All I'm doing is reporting the results I find. Comparing expected-to-actual wins for the 319 team seasons during the years 2001-10, computed using regular Pythagorean, the Pythagenport formula given above, and Unit Pythagorean, I find...

	Correlation	Standard Deviation
Unit Pythagorean	0.952	0.130
FO Pythagenport	0.916	0.167
Reg. Pythagorean	0.914	0.180

Into the public domain Unit Pythagorean is like Big Win% in that it is so simple I have to believe others have used it before, though I have no knowledge of anyone who has. I make no claim to having "invented" it, only to having independently come upon it.

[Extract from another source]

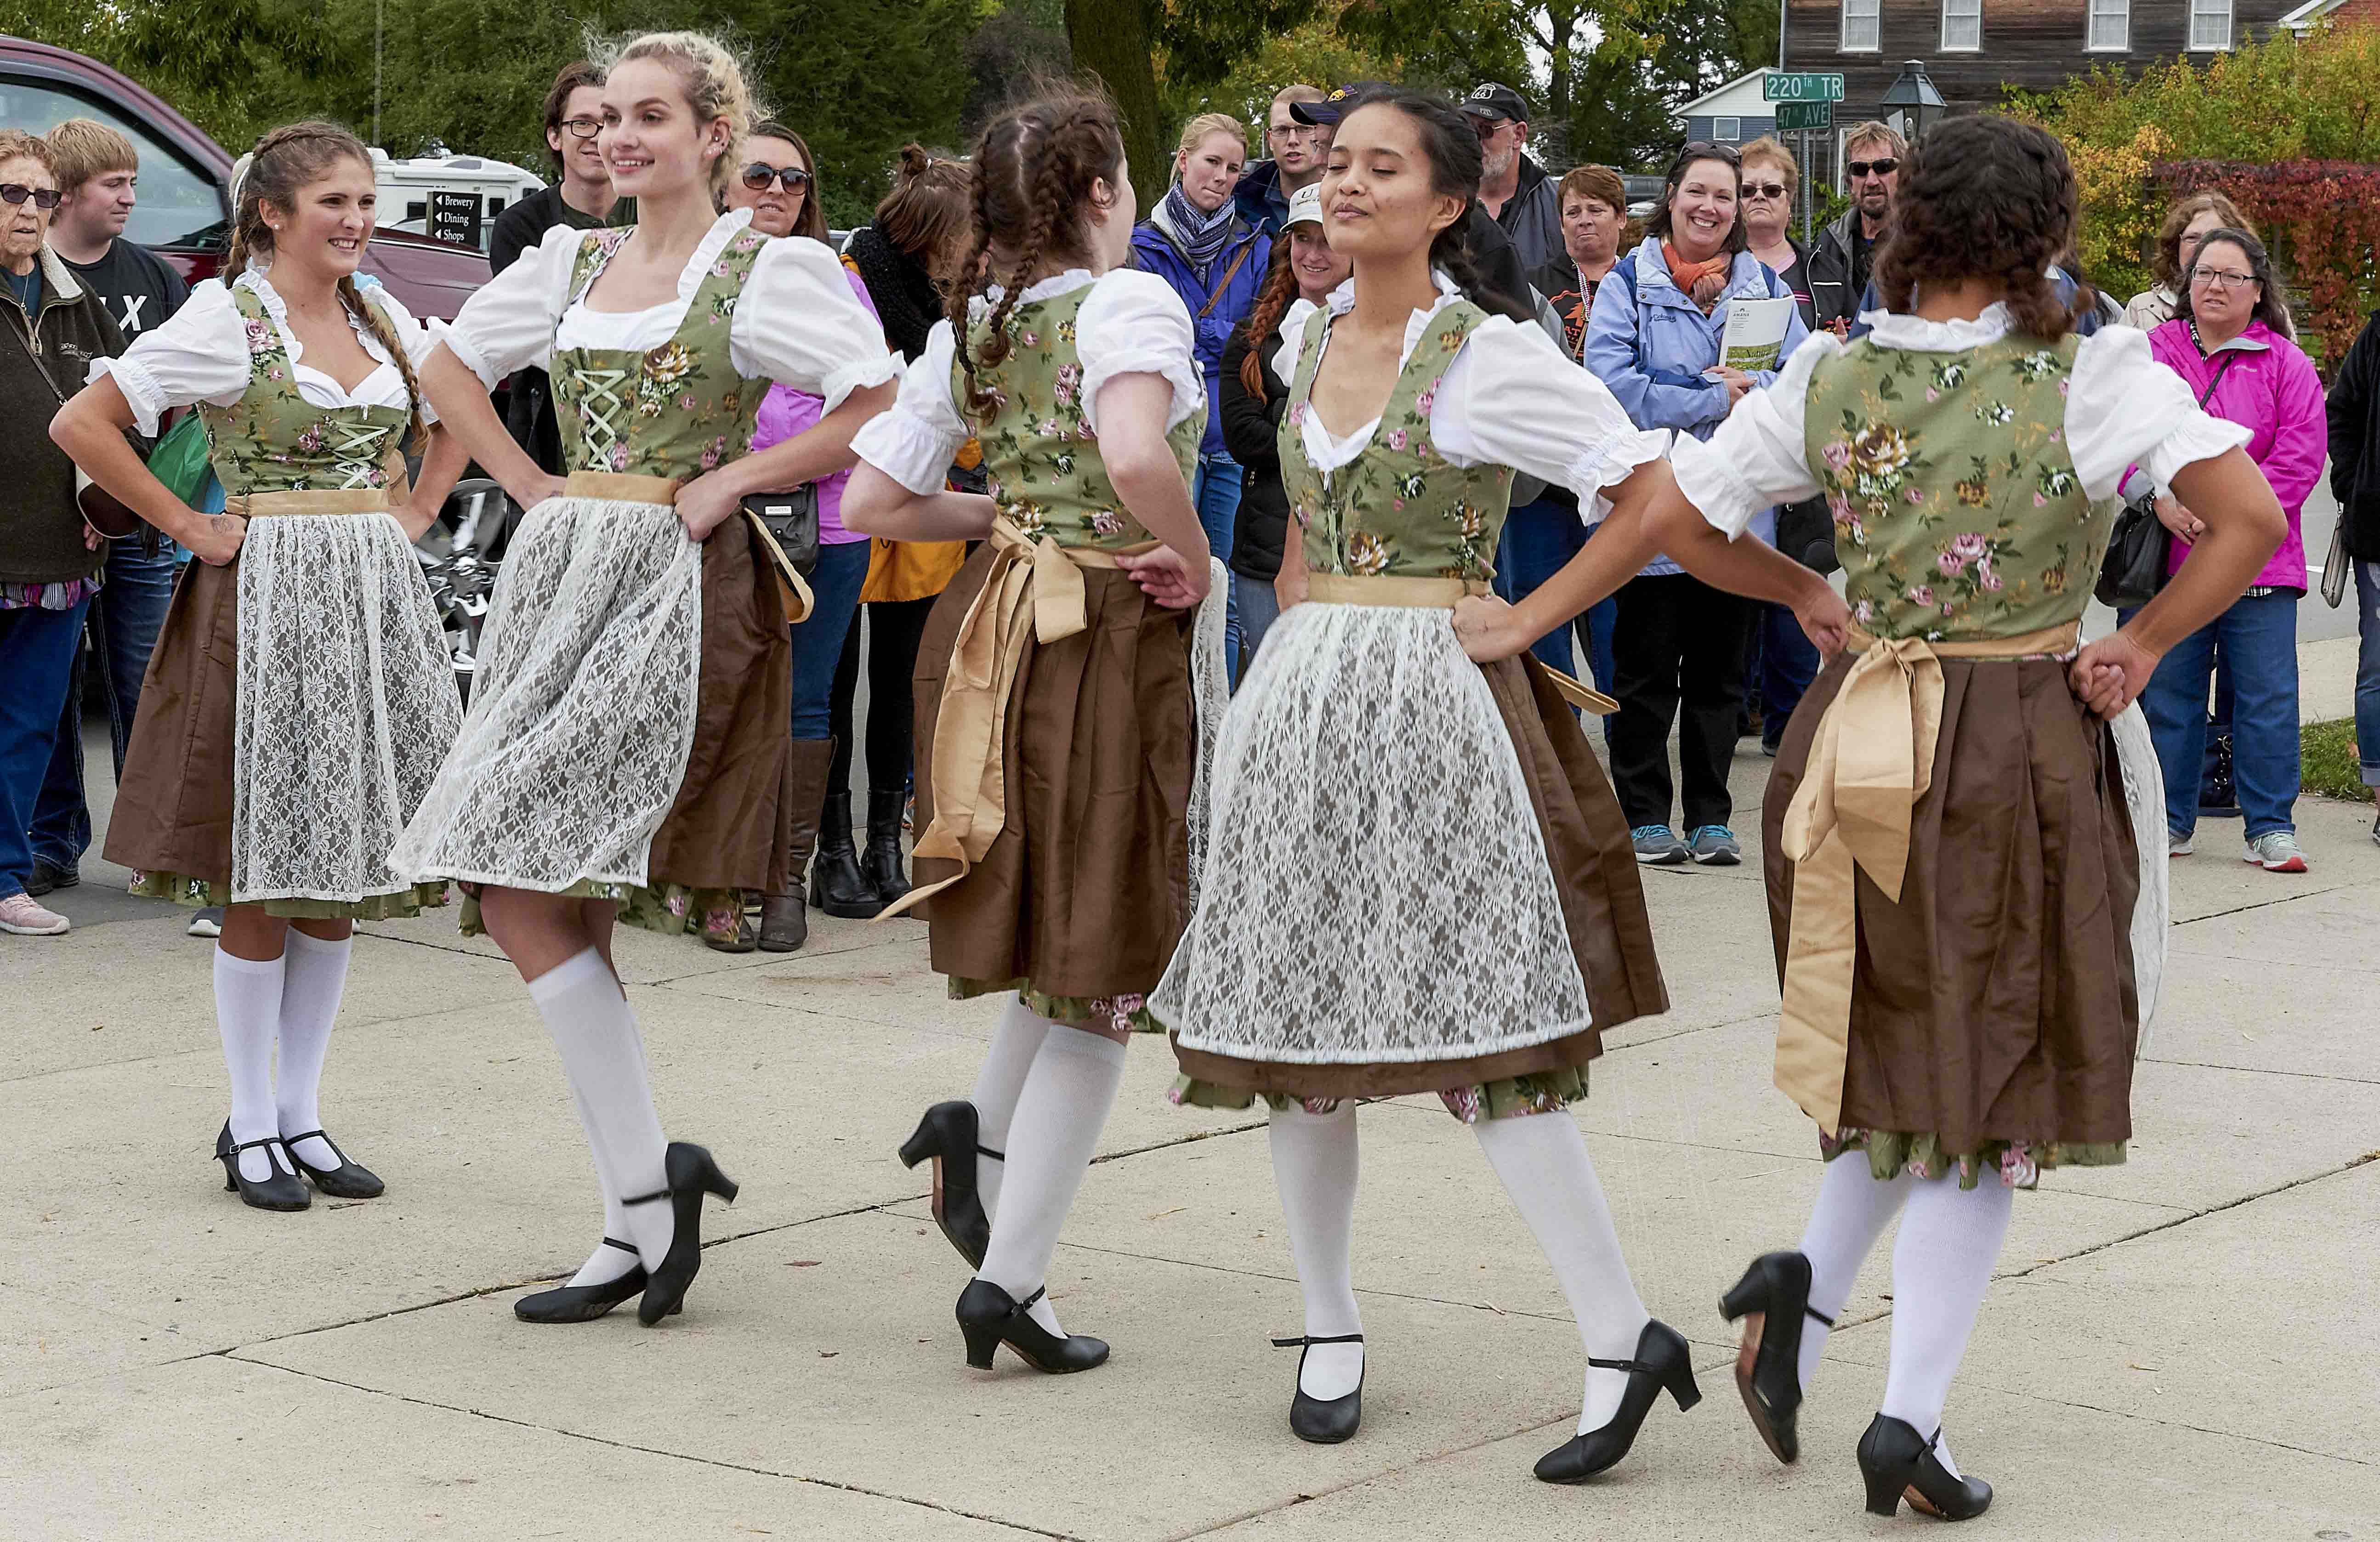 Amana Colonie Dancers dressed in traditional German Dirndl dresses
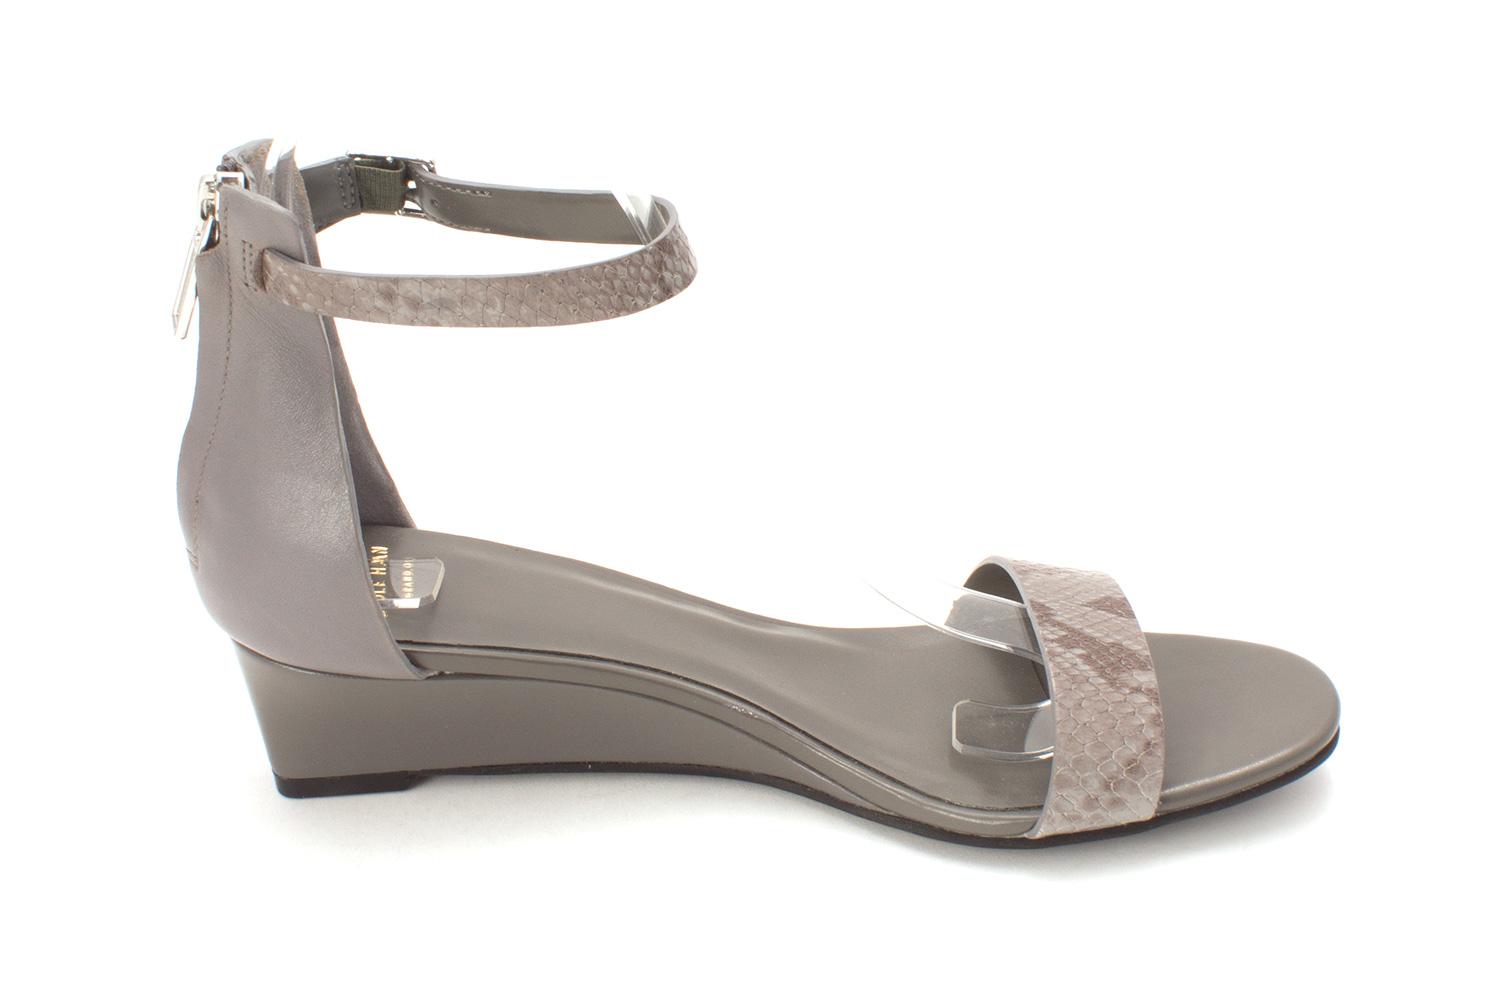 Cole Haan Womens 14A4048 Open Toe Casual Platform Sandals

The two are closely related, both use the fact that one-sided victories (and defeats) are much better indicators of team strength than close game outcomes. But while BigWin% treats close games as ties, Unit Pythagorean gives a "strength" rating on a graduated scale to every outcome: Winning a game by 23-22 gives the winner a 53% strength rating for the game (before adjusting for home field advantage and strength of schedule). So one can easily produce a ranking of all teams by strength using Unit Pythagorean and a strength-of-schedule adjustment.

The idea of applying Pythagorean expectation game-by-game came to me when considering the peculiar fact that when applying BigWin% backward to the past 15 years of playoff games, it outperformed not only regular WL% at "predicting" winners (as expected) but also outperformed Pythagorean. That was surprising, because while BigWin% considered only won-lost-tie data, Pythagorean considered all game scores in a theoretically sound manner. It seemed peculiar that the method more crudely using less data would be more successful.

Then it occurred to me that as Pythagorean used only one observation (total points for and against for the season) while BigWin% used 16 (all game outcomes) regular Pythagorean might actually be using less data.

Be that as it may, here are what I tried and the results. Take them for what they are worth and, if you wish, use it all as you will.

Just for fun, below is the Dolphins' game-by-game Pythagorean performance adjusted by strength of opponent. Worst performance: Game 5 against the Jets. Best: Game 10 against the Cowboys.

Trend: Strongly up.

Maybe things are looking up for the next coach.

6 comments:

Boston Chris said...: Nice work, Jim. I really like it.; December 24, 2011 at 1:28 AM
Tom said...: Very interesting, nice work. One suggestion regarding the averaging... May I suggest you average the odds and not the probabilities? There's sound mathematical reasons to do this.; December 25, 2011 at 7:04 PM
Michael Beuoy said...: I like the concept, but I wonder if the improved correlation isn't just a case of over fitting.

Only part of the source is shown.